Carpenter Bees get a bad rap because they hang around human structures harassing the occupants and chewing holes into wood. I’m not going to argue against the persecution they get for causing structural damage to human dwellings. (They’ve cost me a few Adirondack chairs and shovel handles in the past.) However, I will argue that they’re not a hazard to your health. They’re all bark and no bite. Or I should say, all bite and no sting.
The Carpenter Bees that hangs out beside your porch and buzz a foot in front of your face every time you leave the house are entirely harmless. That’s a male. Males of the insect order Hymenoptera (Bees, Ants, and Wasps) lack stingers. This order’s stinger is a modified ovipositor, or egg laying appendage. So only females have stingers. Male Carpenter Bees, which can be identified by the bright yellow square in the middle of their face, are territorial. The females spend days or even weeks carving out a larval tunnel in a block of wood and the males make certain no one bothers mate while she works. That’s why male Carpenter Bees get up in your business whenever you pass by their hidey-hole. Females aren’t territorial but they do sting. You’d have to squeeze one with your bare hand to get her to sting, but she can if she needs to. Females lay their eggs in the tunnels they carve. Each egg gets a nugget of “bee bread”, a mix of pollen and nectar, for food and their own divided cell made from wood pulp.

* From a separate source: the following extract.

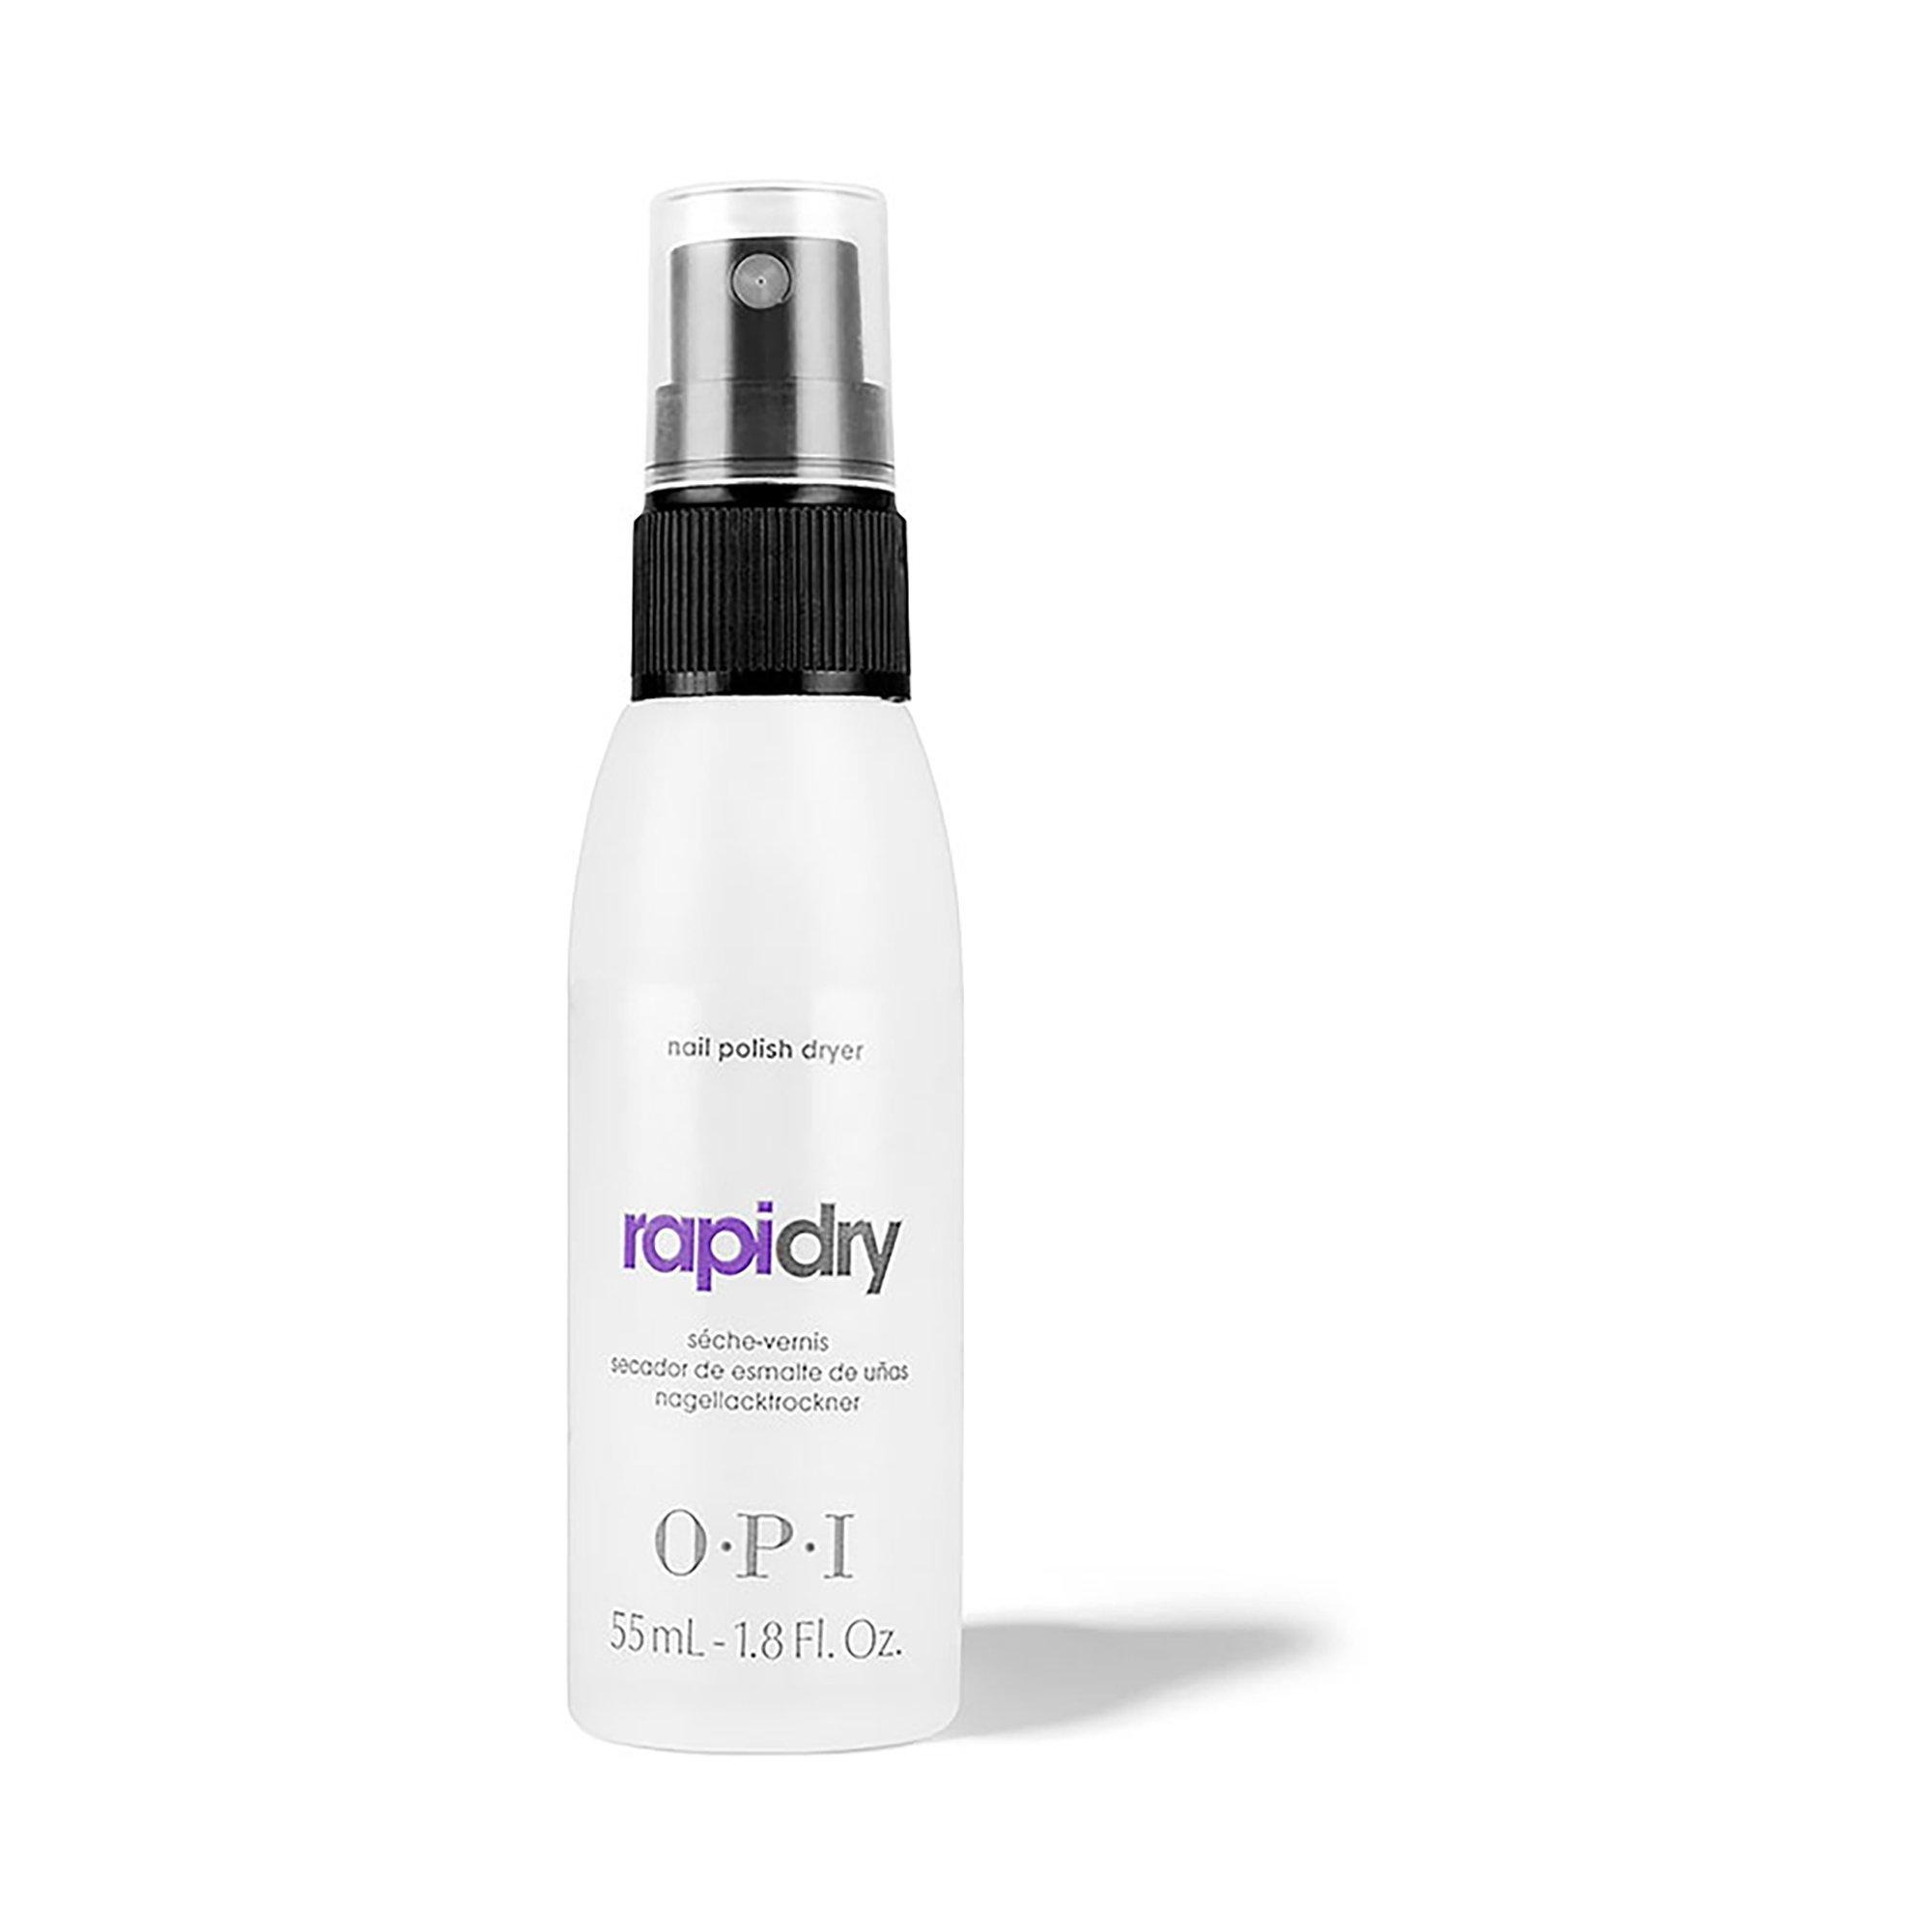 Image of OPI Schnelltrockner-Spray ? RapiDry Spray - 55ml

Eastern Carpenter Bees look a lot like Eastern Bumble Bees. The easiest way to tell them apart is by how fuzzy they are, especially at the base of the abdomen. Just like Bumble Bees, Carpenter Bees eat nectar and are important pollinators. Unlike some bee species, they’re active most of the year and hibernate in their tunnels over the winter. That makes them an important pollinator for many plant species throughout the year and a vital part of your local ecosystem.


This week for Flora and Fauna Friday, we’re examining another genus of wildflowers. The subject of our attention are the Blue-eyed Grasses, genus Sisyrinchium.

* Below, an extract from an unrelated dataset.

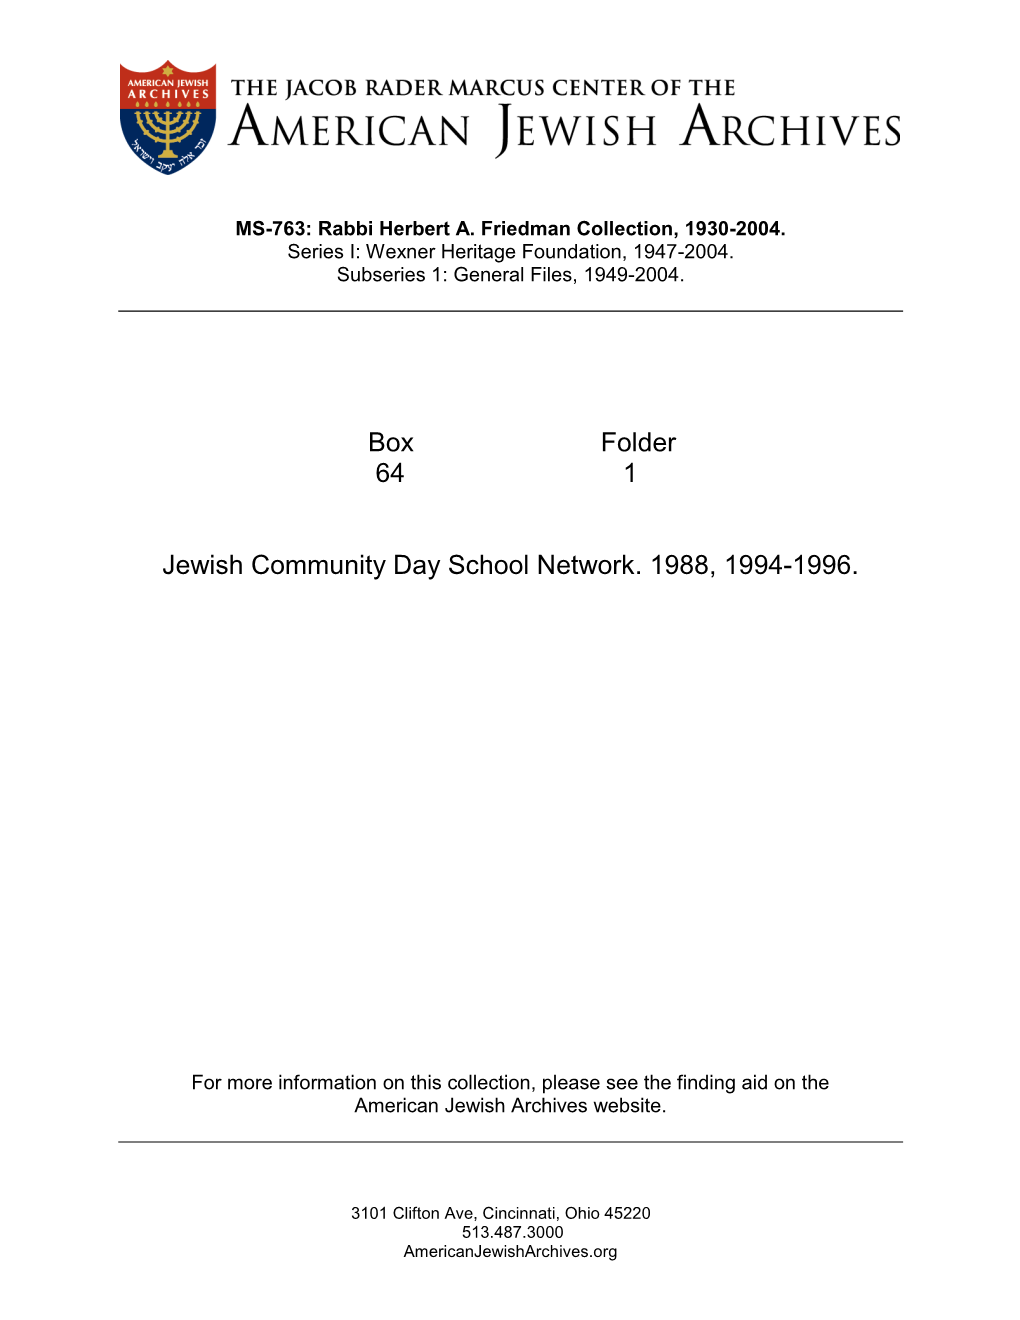 Box Folder 64 1 Jewish Community Day School Network. 1988, 1994

Blue-eyed Grasses are not grasses but members of the Iris family. They have the characteristic colorful, six-petaled flowers of an Iris, albeit on the small scale. The same goes for their leaves, which have that flat, nested, fan-like shape of an iris. Just like other Irises, their fruit is a capsule that splits open and drops seeds as it dries. Blue-eyed Grasses grow in disturbed habitats such as forest edges, trail sides, road shoulders, lawns, and the like.

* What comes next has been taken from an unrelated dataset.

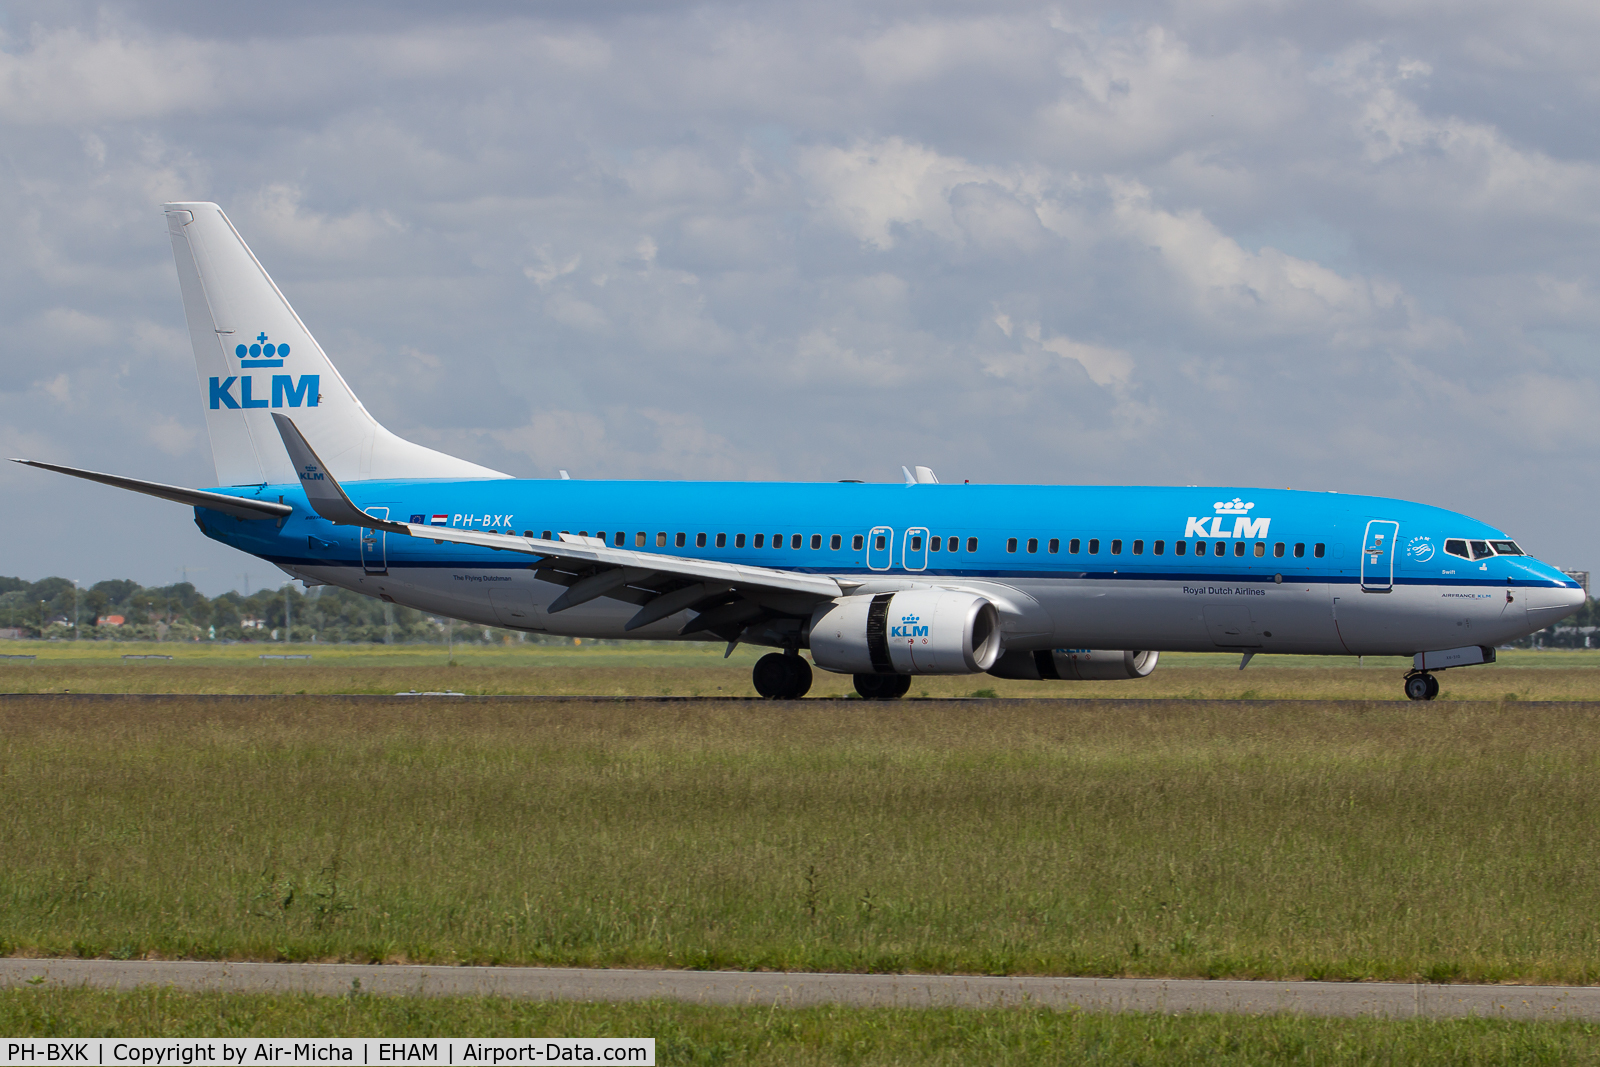 PH-BXK, 2000 Boeing 737-8K2 C/N 29598, KLM Royal Dutch Airlines

In our area we have about 5 species of Blue-eyed Grass. On Edisto, the species you’re most likely to see are: Annual Blue-eyed Grass (Sisyrinchium rostulatum), Narrowleaf Blue-eyed Grass (Sisyrinchium angustifolium), and Eastern Blue-eyed Grass (Sisyrinchium atlanticum). Annual Blue-eyed Grass is the easiest to find and ID. It grows in almost any sunny, disturbed site and has a short stature with small, pointy flowers that range in color from blue, to pink, to yellow. Narrowleaf and Eastern Blue-eyed Grasses are very similar in appearance both having long thin leaves and blue-purple flowers. However, the Narrowleaf prefers sunny, open habitats and Eastern prefers shady, woodland habitats.